Incentives, policies, and training are non-technical gaps in the current methods of collecting structured SDoH information in EHRs, but must be addressed in order to set up the technical solutions for success. Nevertheless, as informaticians, we must also develop these technologies tailored to the clinician and patient needs.
2.2 SDoH Extraction from Clinical Narratives
Clinical notes and other free text fields offer a flexible and intuitive way for clinicians to document SDoH information. The informal nature of a clinical note allows for recording in-depth personal information such as a patient's unstable housing situation or struggles with food insecurity. However, the lack of standardization for free text makes it challenging to analyze the data for both operational and research purposes and does not lend itself to interoperability. To better utilize SDoH information embedded in clinical notes, natural language processing (NLP) methods and tools have been developed to extract SDoH from clinical narratives.
Prior research has developed NLP systems to extract individual-level SDoH critical for public health studies, such as substance use [[46]], homelessness and housing insecurity [[47],[48]], employment status [[49]], and suicide attempt or ideation [[18],[50]]. Both rule-based and machine learning-based methods have been applied. However, these systems can only extract a single SDoH at a time, and there is a lack of comprehensive NLP systems to extract multiple common SDoH from clinical narratives. Recent studies have developed clinical corpora with multiple common SDoH categories and applied more advanced deep learning-based NLP models. Feller et al. [[51]] developed a corpus of five SDoH categories and approached SDoH detection as a classification task using machine learning models. Lybarger et al. [[52]] developed a corpus containing 12 SDoH categories using clinical notes from the Medical Information Mart for Intensive Care (MIMIC)-III dataset and an existing dataset from the University of Washington and Harborview Medical Center. Han et al. [[53]] developed a corpus of 13 SDoH categories using MIMIC-III and approached SDoH detection as a classification task but used deep learning models. Similarly, Stemerman et al. [[54]] applied machine learning methods to detect 6 categories of SDoH through classification tasks. Yu et al. [[19]] developed a corpus of 19 SDoH categories using clinical notes from cancer patients at University of Florida Health and applied state-of-the-art transformer-based methods for SDoH extraction. [Table 2] summarizes the detailed SDoH categories and data sources used in these studies. More recently, the well-known 2022 n2c2 NLP challenge organized an open challenge with a shared task focusing on SDoH [[55]].

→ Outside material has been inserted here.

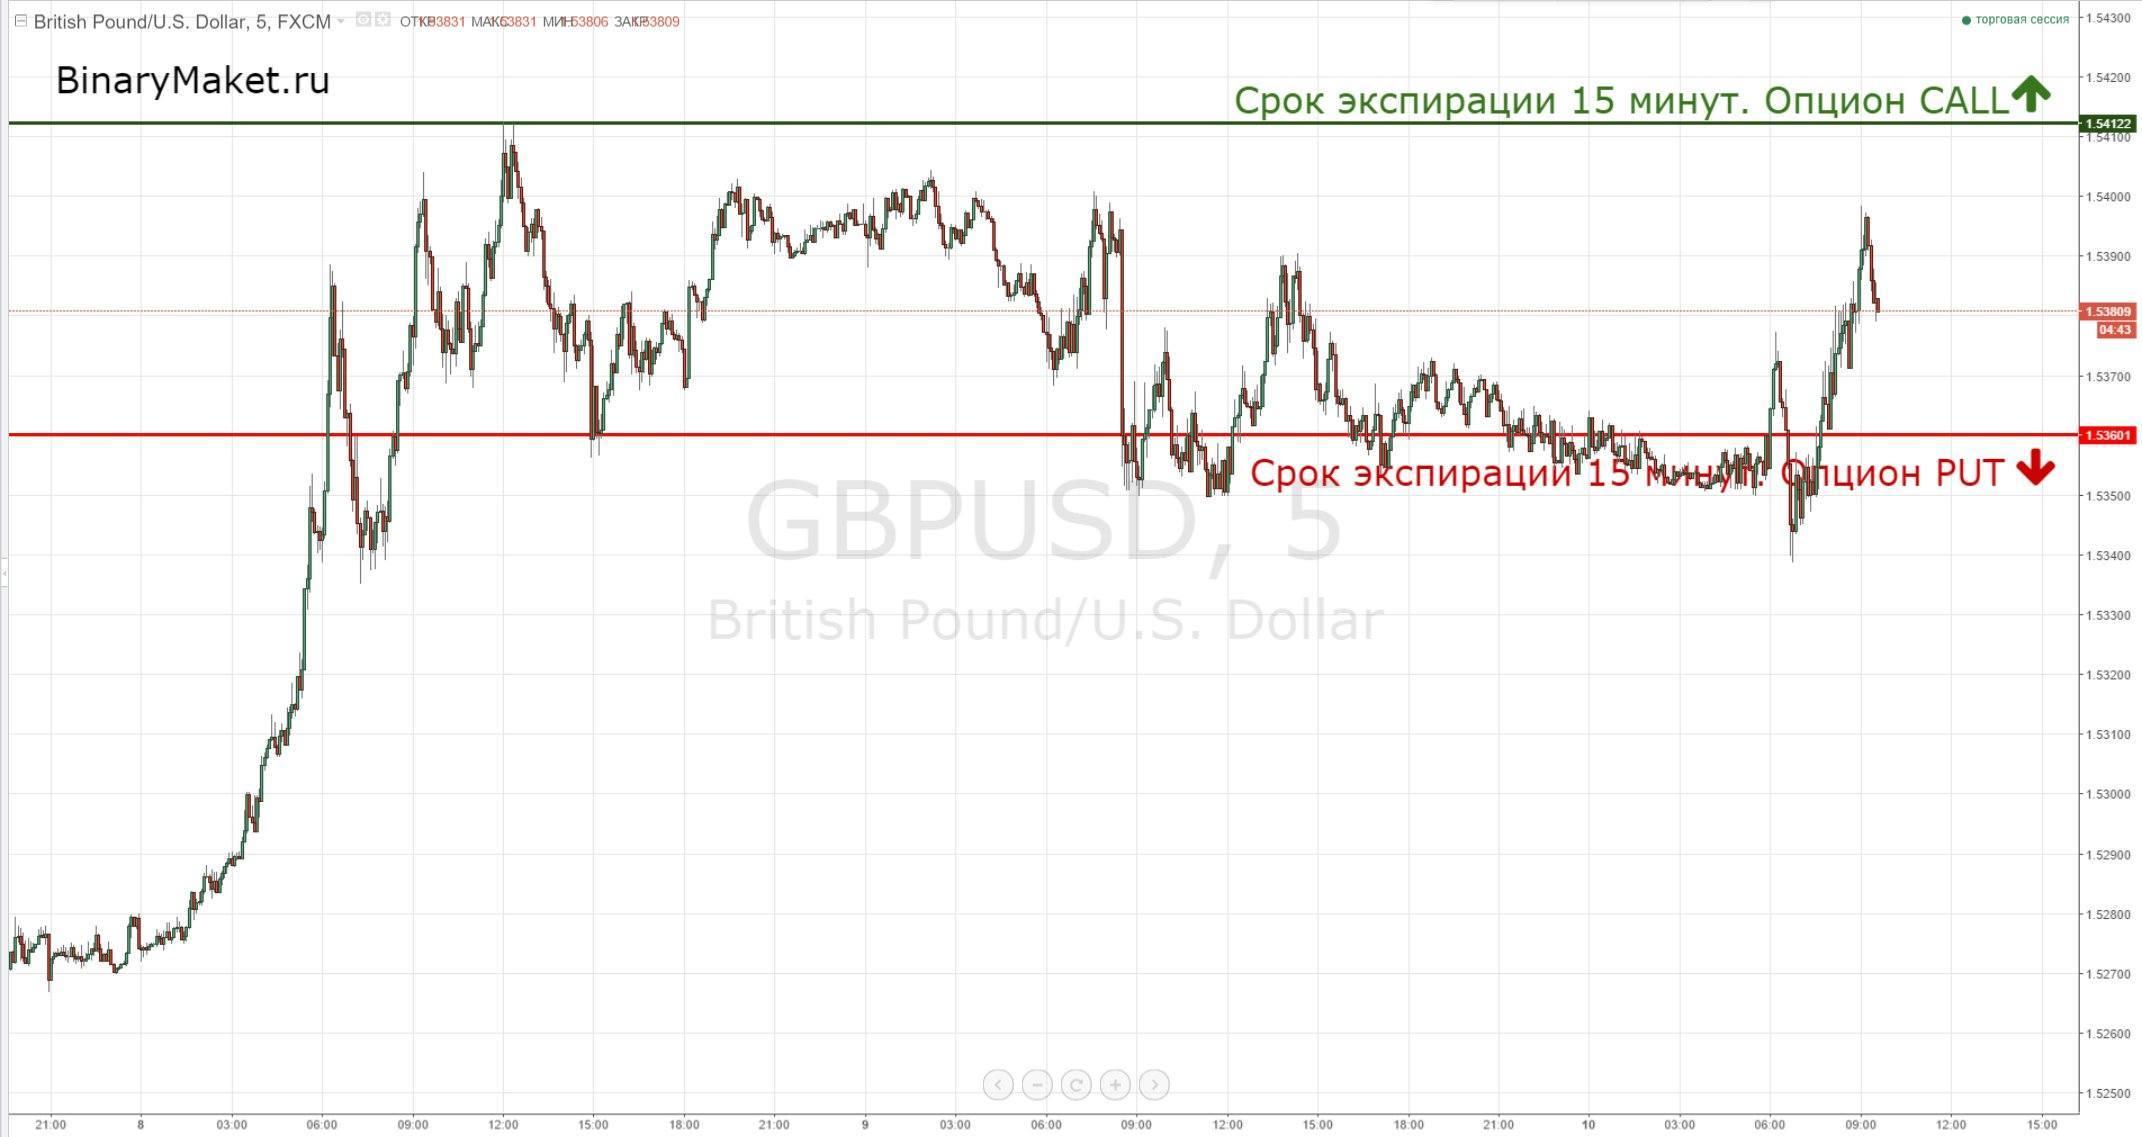 GBPUSD сигналы 10-09

Table 2 SDoH category and data sources in recently published NLP systems for SDoH extraction from clinical notes.
While NLP methods based on the transformer models have shown promising results in extracting SDoH captured in clinical narratives, challenges remain. First, there is not an off-the-shelf comprehensive package for SDoH extraction, and the adoption of an NLP pipeline trained on one corpus often requires extensive fine-tuning when applied on a different corpus or at another institution. The accuracy of NLP methods depends on several factors, including the quality and consistency of the data, the choice of the NLP models, and the development and training of the NLP algorithms. Furthermore, the complex and nuanced nature of SDoH information, as well as the challenges in standardizing free text, can make it difficult to extract and accurately categorize this information. Despite these challenges, NLP methods have the potential to greatly improve the analysis and utilization of SDoH information recorded in clinical narratives.

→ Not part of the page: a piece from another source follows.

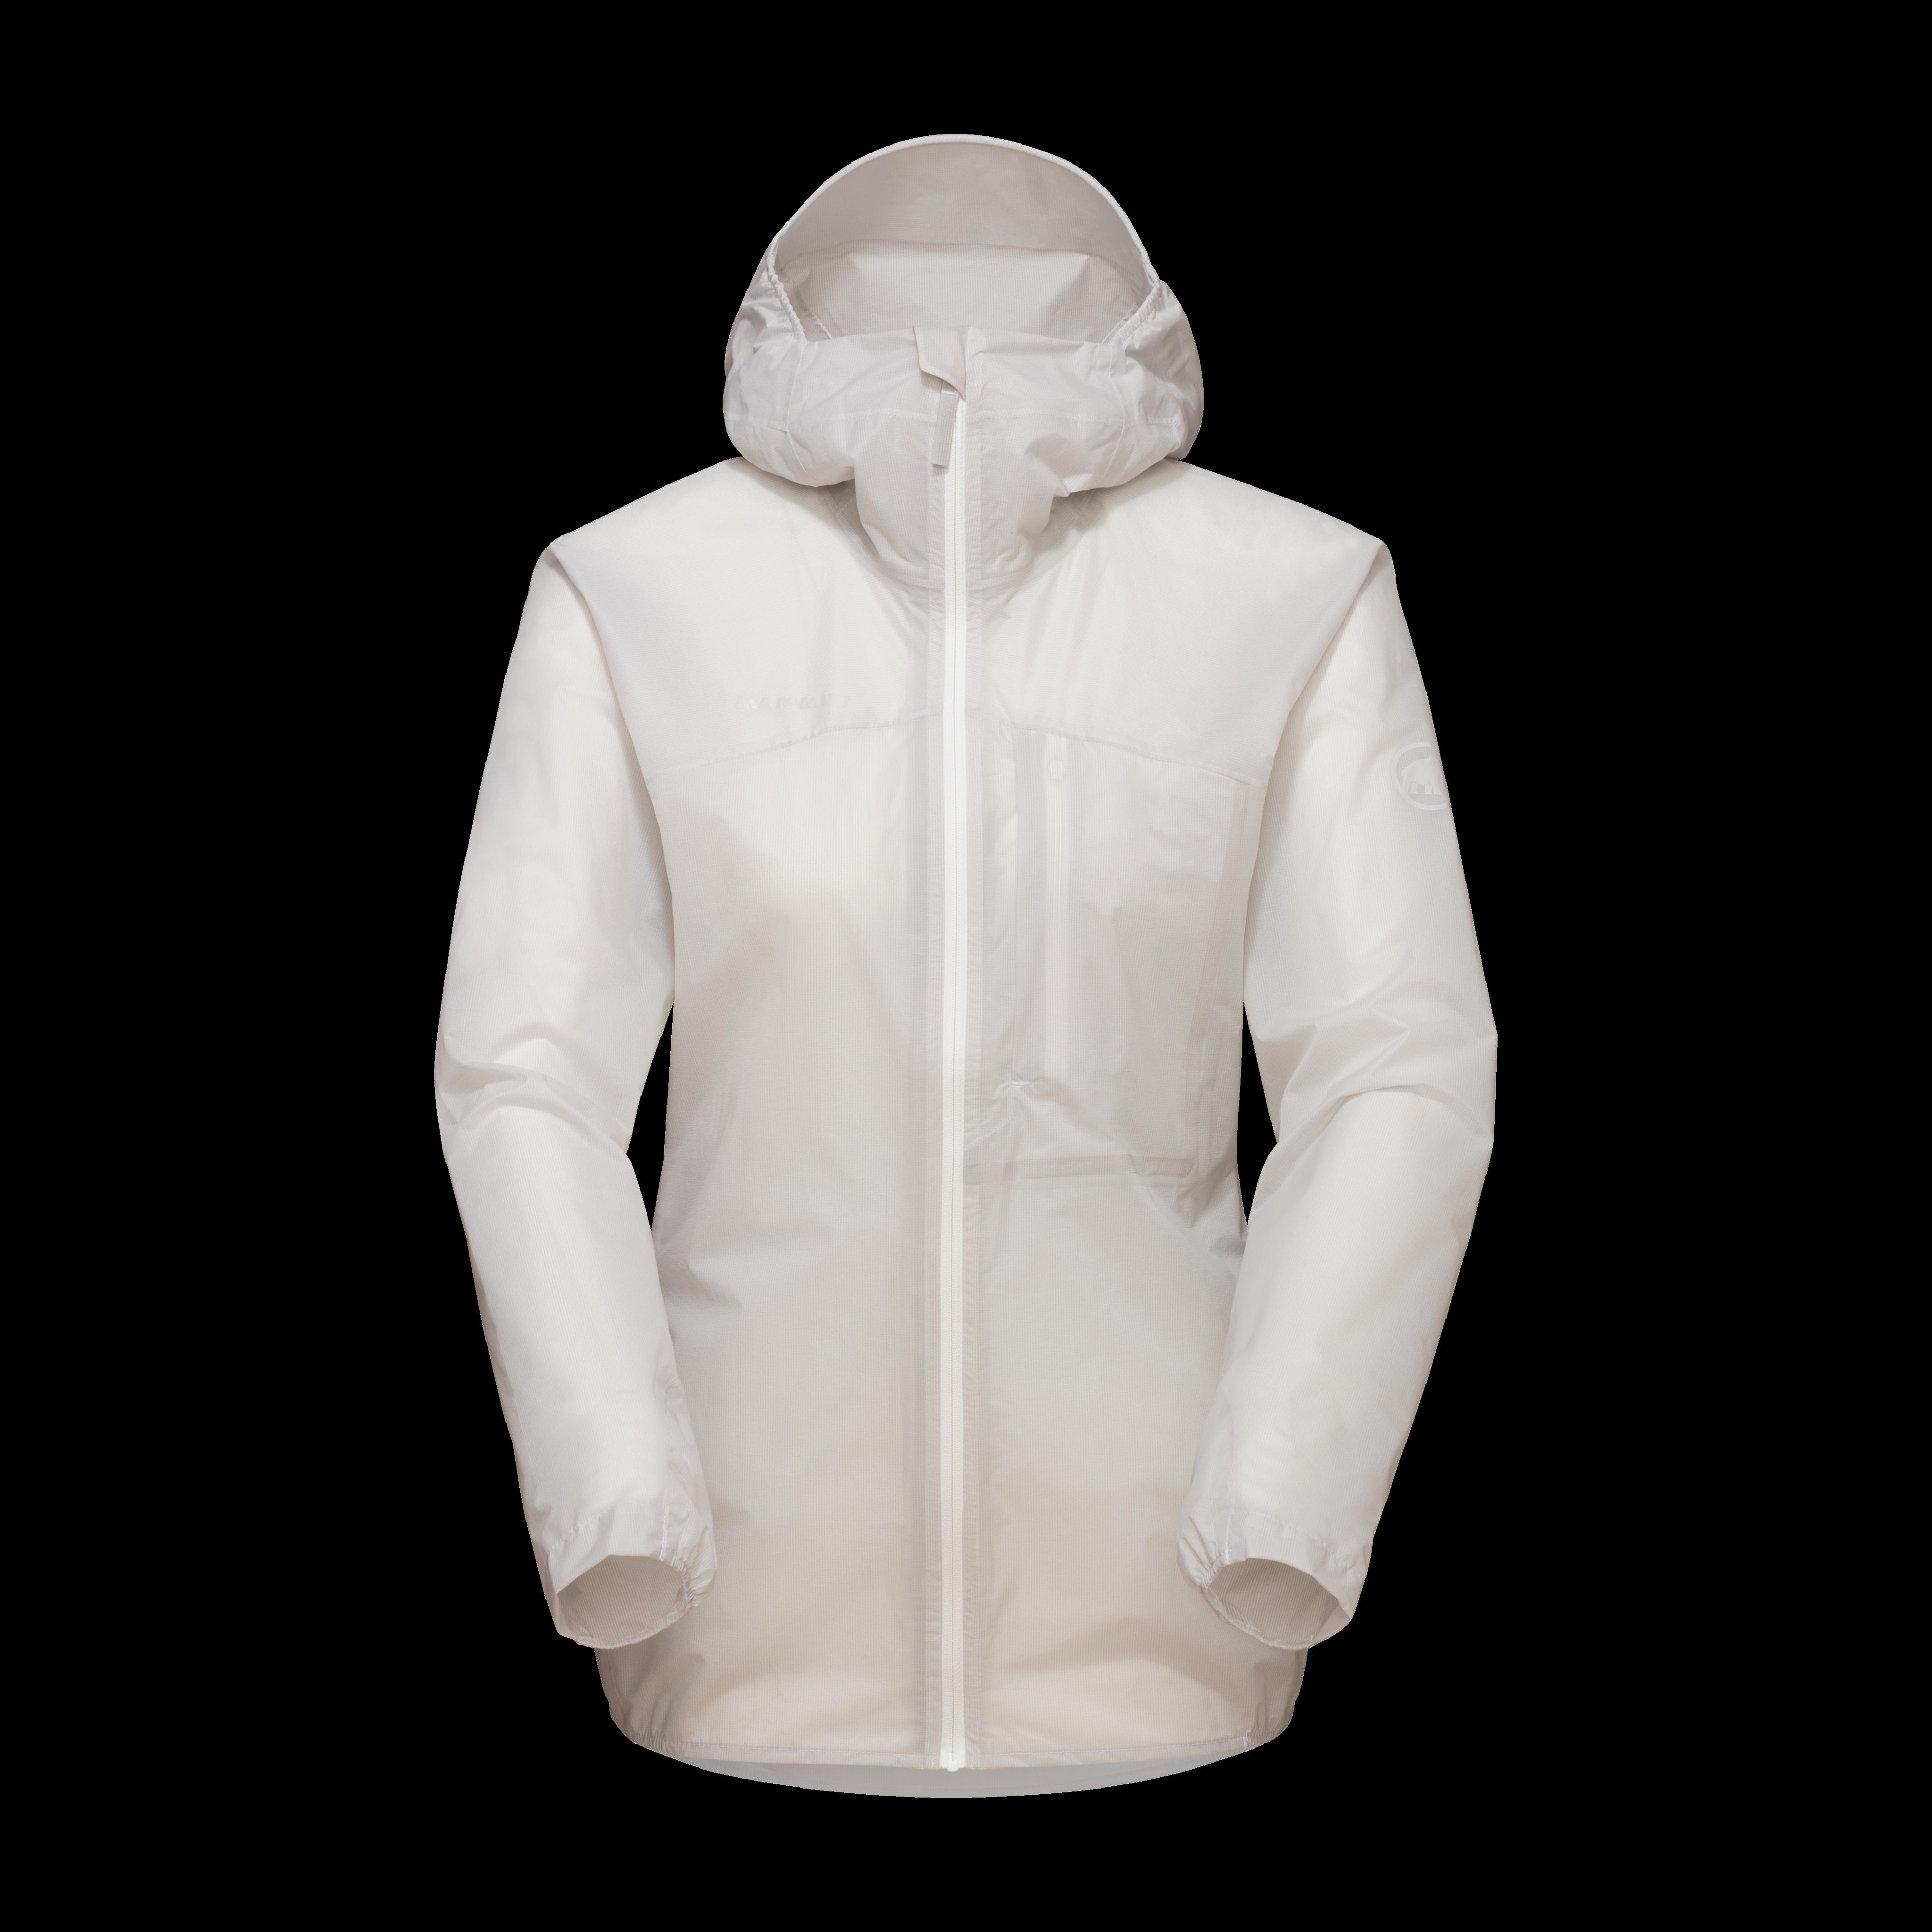 Kento Light HS Hooded Jacket Women - bright white, M thumbnail

Second, the documentation of certain SDoH categories is poor in clinical notes. NLP is only useful when the SDoH are prevalent in clinical narratives. Yu et al. [[56]] reported that in the training corpus of 640 clinical notes from cancer patients, only 19 out of the 38 SDoH categories (based on a review of SDoH definitions from WHO, Healthy People 2030, and CDC) were observed. When the authors applied the trained NLP pipeline on a corpus of breast (n=7,971), lung (n=11,804), and colorectal cancer (n=6,240) patients from the University of Florida Health, among the 19 SDoH categories, 10 had an extraction rate of over 70%, including gender, race, tobacco use, alcohol use, drug use, education, living supply, marital status, occupation, and sexual activity. The other 9 categories had a fairly low extraction rate, including abuse (physical and mental), ethnicity, financial constraint, language, living condition, physical activity, social cohesion, transportation, and ICD-10 Z codes of SDoH.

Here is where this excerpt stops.